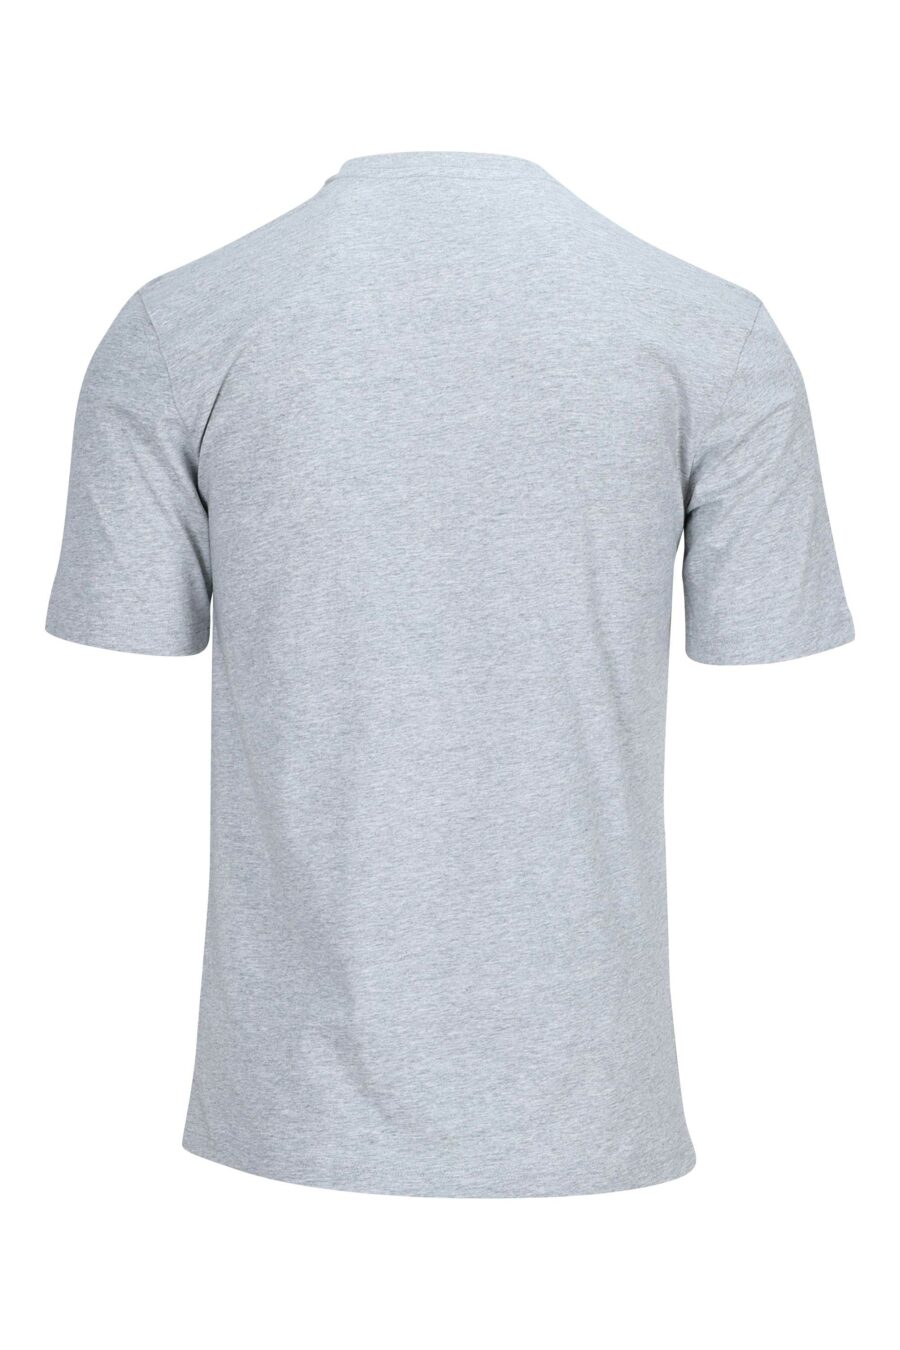 Grey T-shirt with black belt maxilogo - 889316938029 1
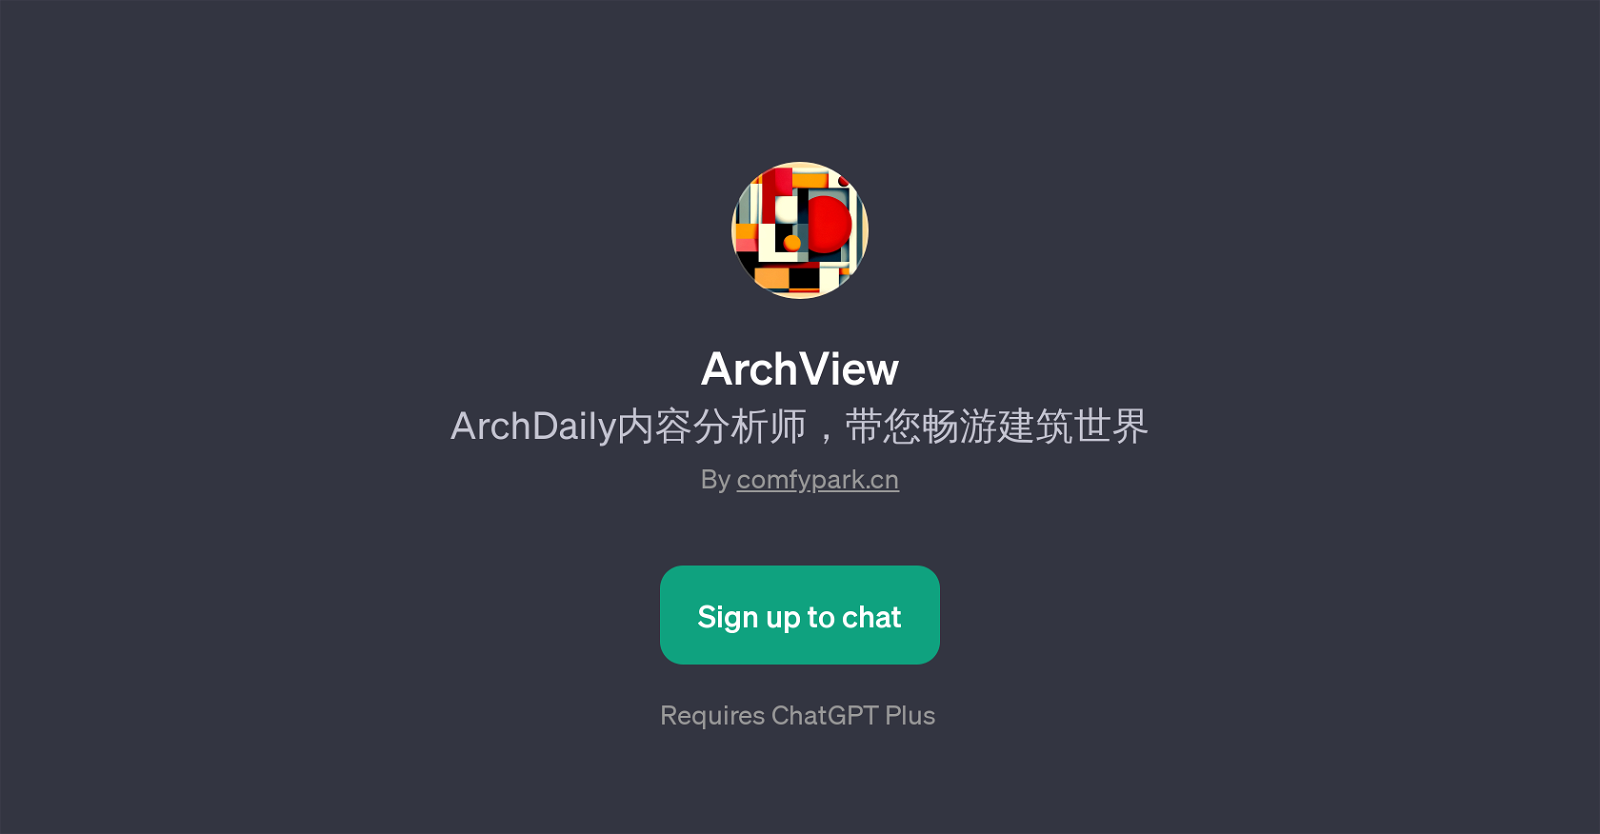 ArchView website
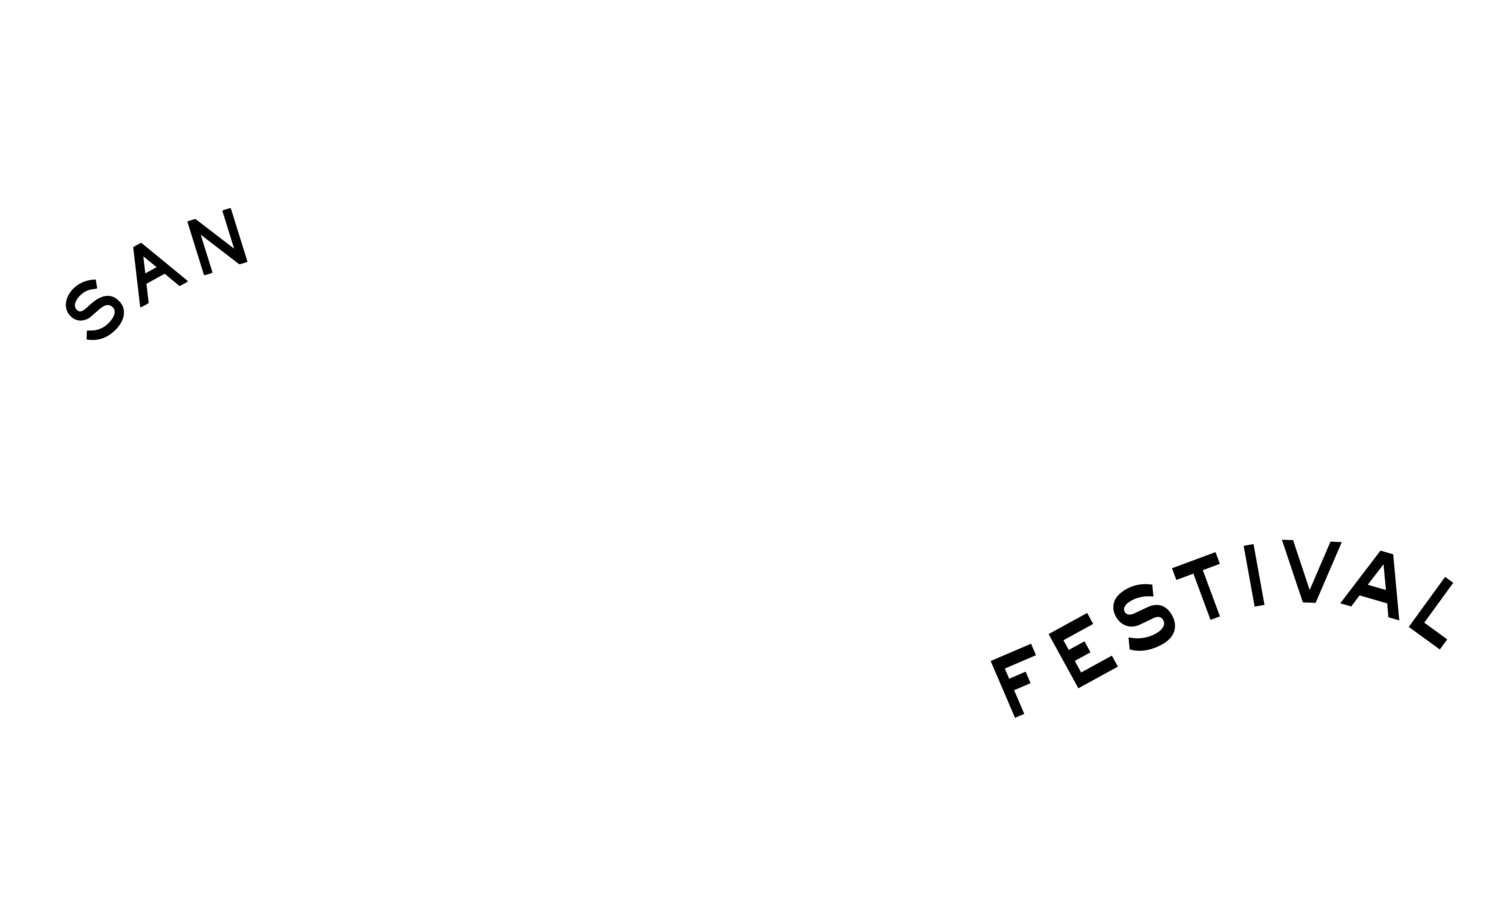 2019 San Francisco Coffee Festival
════════════════
* Brief
Output every line above exactly as it stands, and drop any picture.

* Solution
 Grey T-shirt with black belt maxilogo - 889316938029 1
 ArchView website
 2019 San Francisco Coffee Festival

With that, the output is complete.